I must admit to being a little out of puff by the time I got to the top - and thanks to the emerging sun, quite warm too – although the coat stayed on. Just. It was worth the effort though and the views across to West Cliff and back along the Esk around the harbour were terrific.

Lens clicking was interrupted as I found a spot in the grounds of St Mary’s church to devour a rather uninspiring home made ham sarnie and neck some caffeine, amused that most of the local er, residents up here wouldn’t appreciate the view:

The Abbey site was closed for building work until April but it was still possible to get some photos from the path by the perimeter wall, the traversing of which brought an unexpected ‘research’ opportunity in the shape of Whitby Brewery. The pint of Jet Black went down very well indeed and the courtyard was such a sun trap, the coat was reluctantly shrugged off. Temporarily I might add. I did ponder bringing some research samples home but at over three quid a bottle soon decided against it.

The descent was quicker and I had a pleasant amble through the shops, checking out some of the famous Whitby Jet, thinking that maybe a pair of cufflinks wouldn’t go amiss but nothing really caught my eye, so I crossed the bridge and made my way along by the harbour mouth and up to the West Cliff. Again, oddly, we never made it up here but once again the views back across to East Cliff and the Abbey were lovely and I got to see up close the Whalebone arch and the Captain Cook memorial.

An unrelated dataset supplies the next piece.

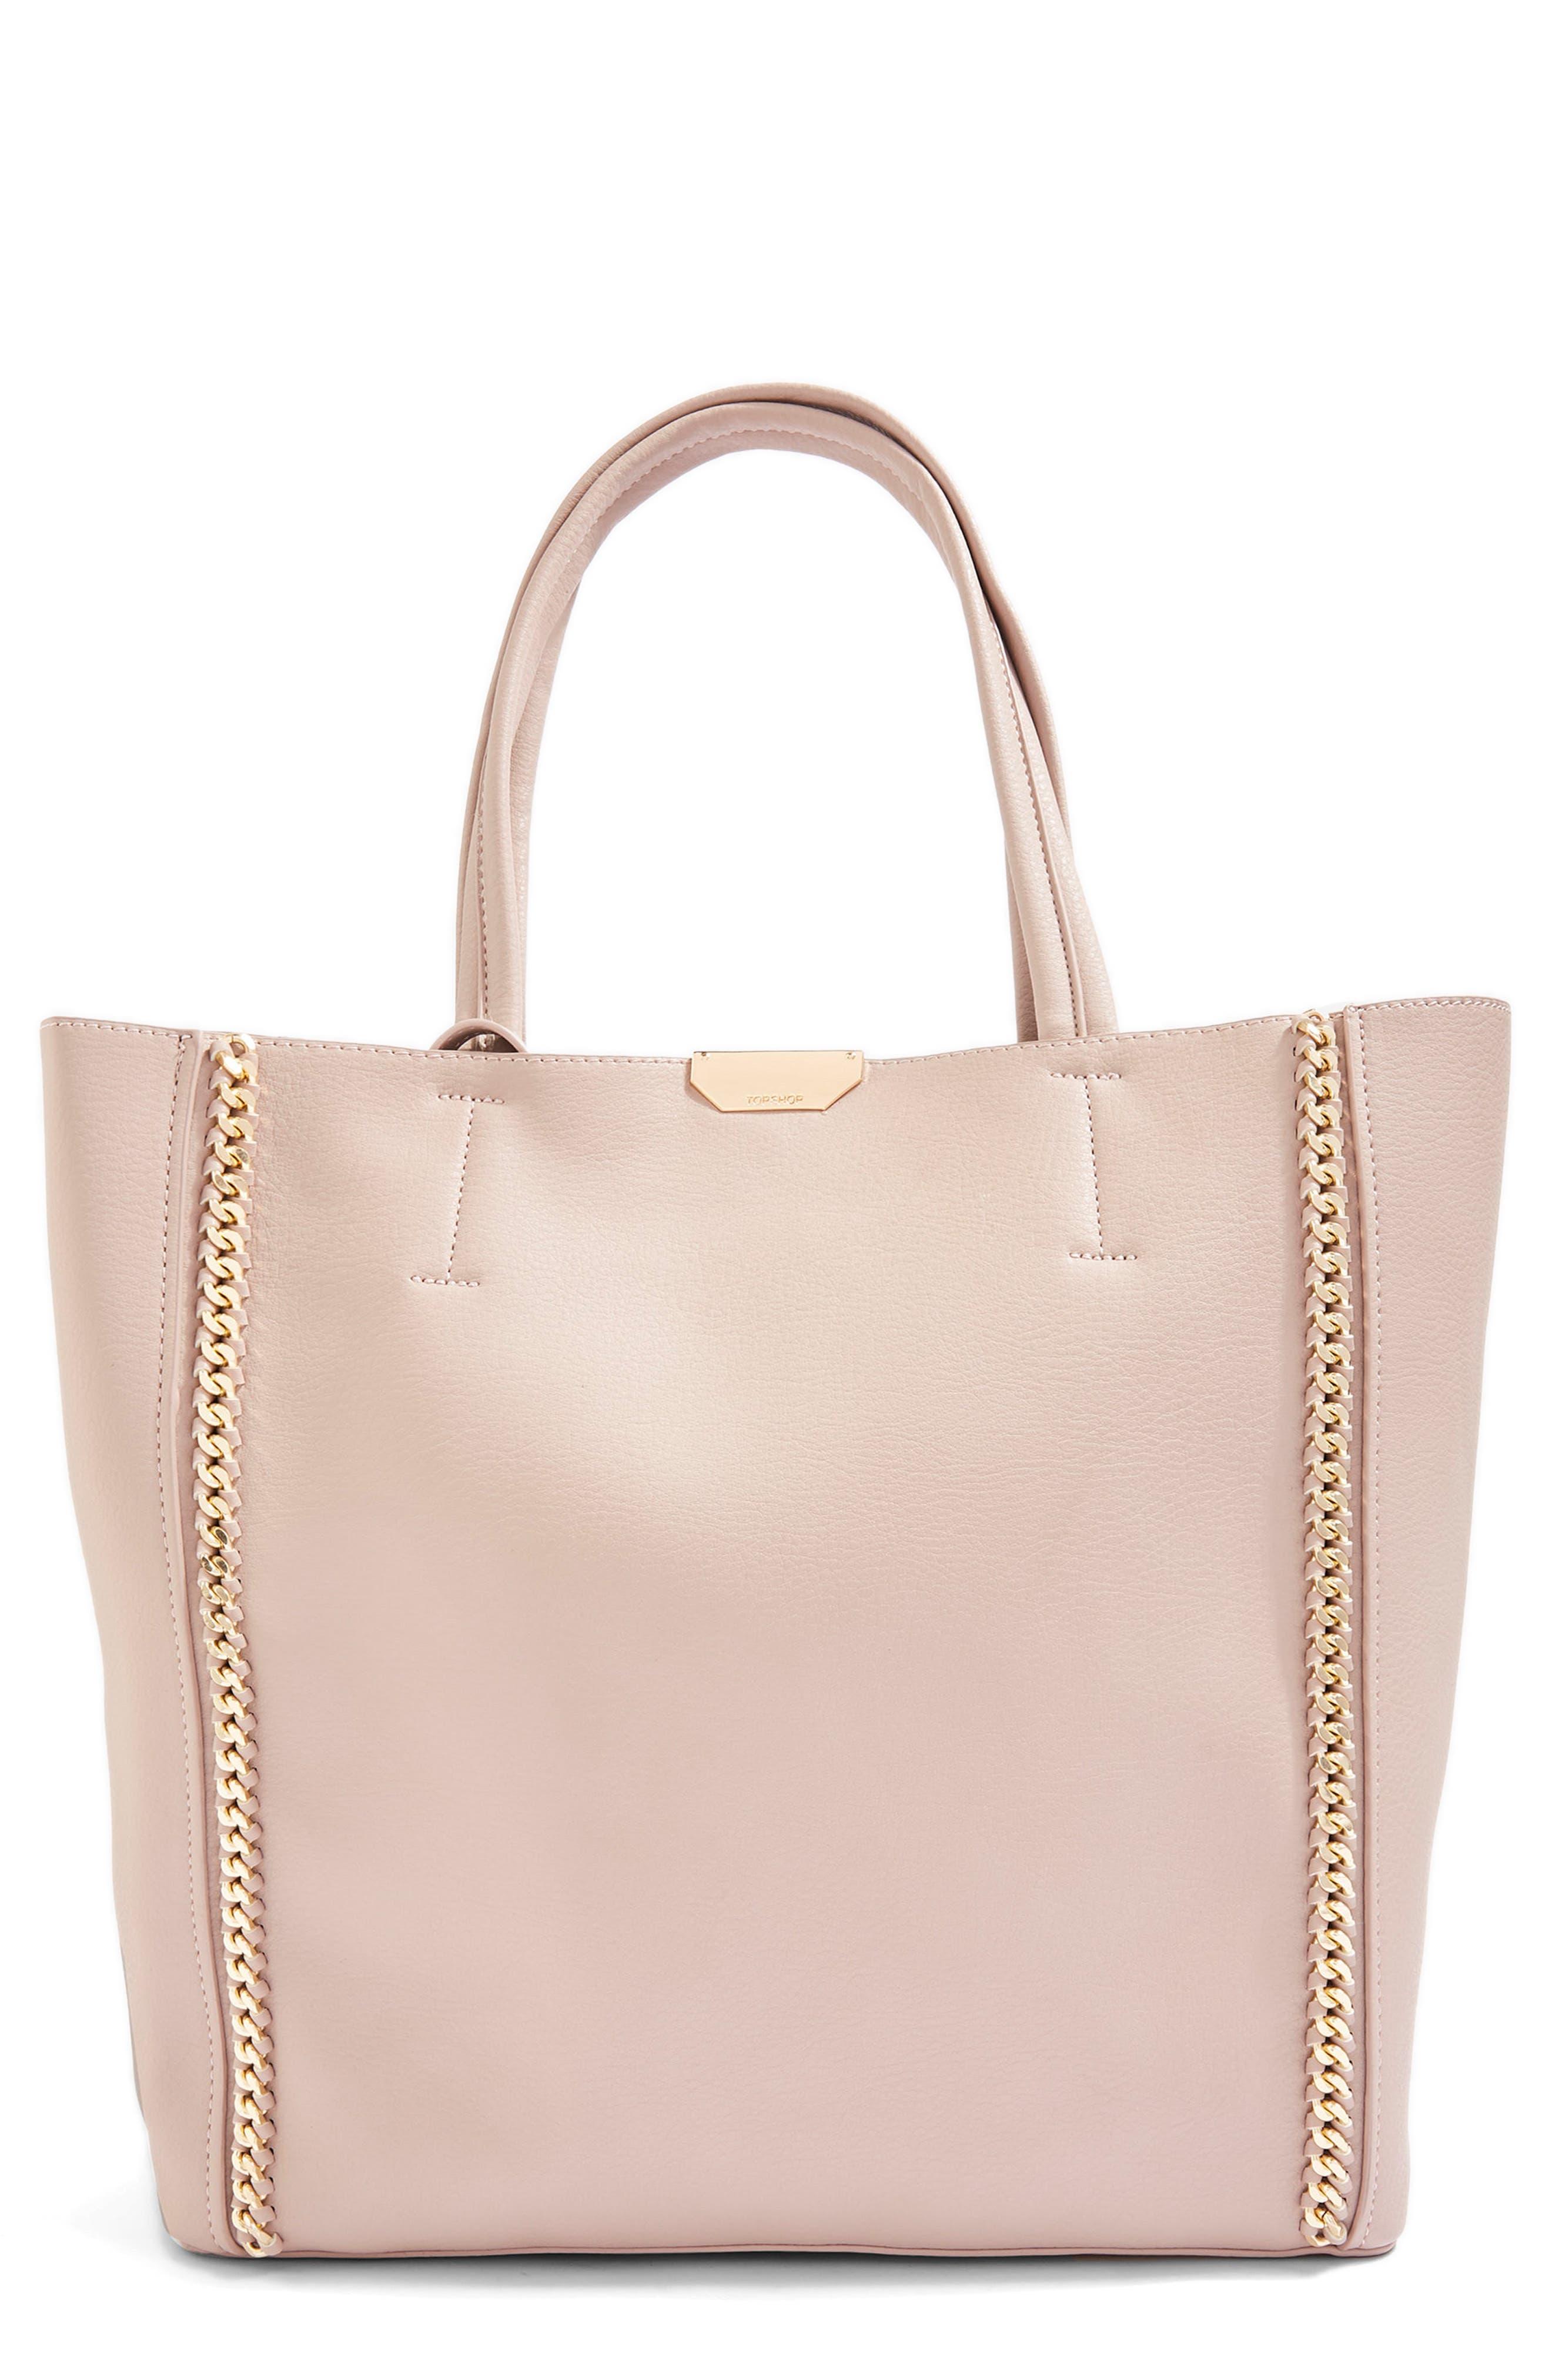 Sade Chain Shopper Bag,                         Main,                         color, Nude Multi

I began my descent back into town, noting that there was still an hour until the next bus and after a brief consultation with that troublesome part of my anatomy that divides my left leg, decided that some medication was in order. The dispensary of choice was the Little Angel, a pub I remember from our previous visits – quelle surprise - not least because on Wednesdays they have a promo on all real ale at just over three quid a pint. Perfect.

Whilst taking my medicine I thought about my visit – both this and previous ones - and it reawakened a few dormant thoughts. You see Trev and I often talked about moving ‘up north’ and Whitby was one of the places that we considered – nice little town close to the sea and affordable – but we’d more or less discounted it because of it’s relative remoteness. It had got me thinking again though, after all, who knows what the future holds? Thankfully.

On my return to the bus station I got to meet Adam, one of the regular Coastliner drivers who would be taking us back as far as Malton. We’d talked a little on Twitter and it was nice to at last meet properly.

Predictably, given the medicinal intake earlier, the walk back to Patsy after jumping off the bus was a little brisker than ideal. Entirely my own fault obviously, but it had been a really good day however, a quiet night in was most definitely called for as there was another busy day ahead on Thursday.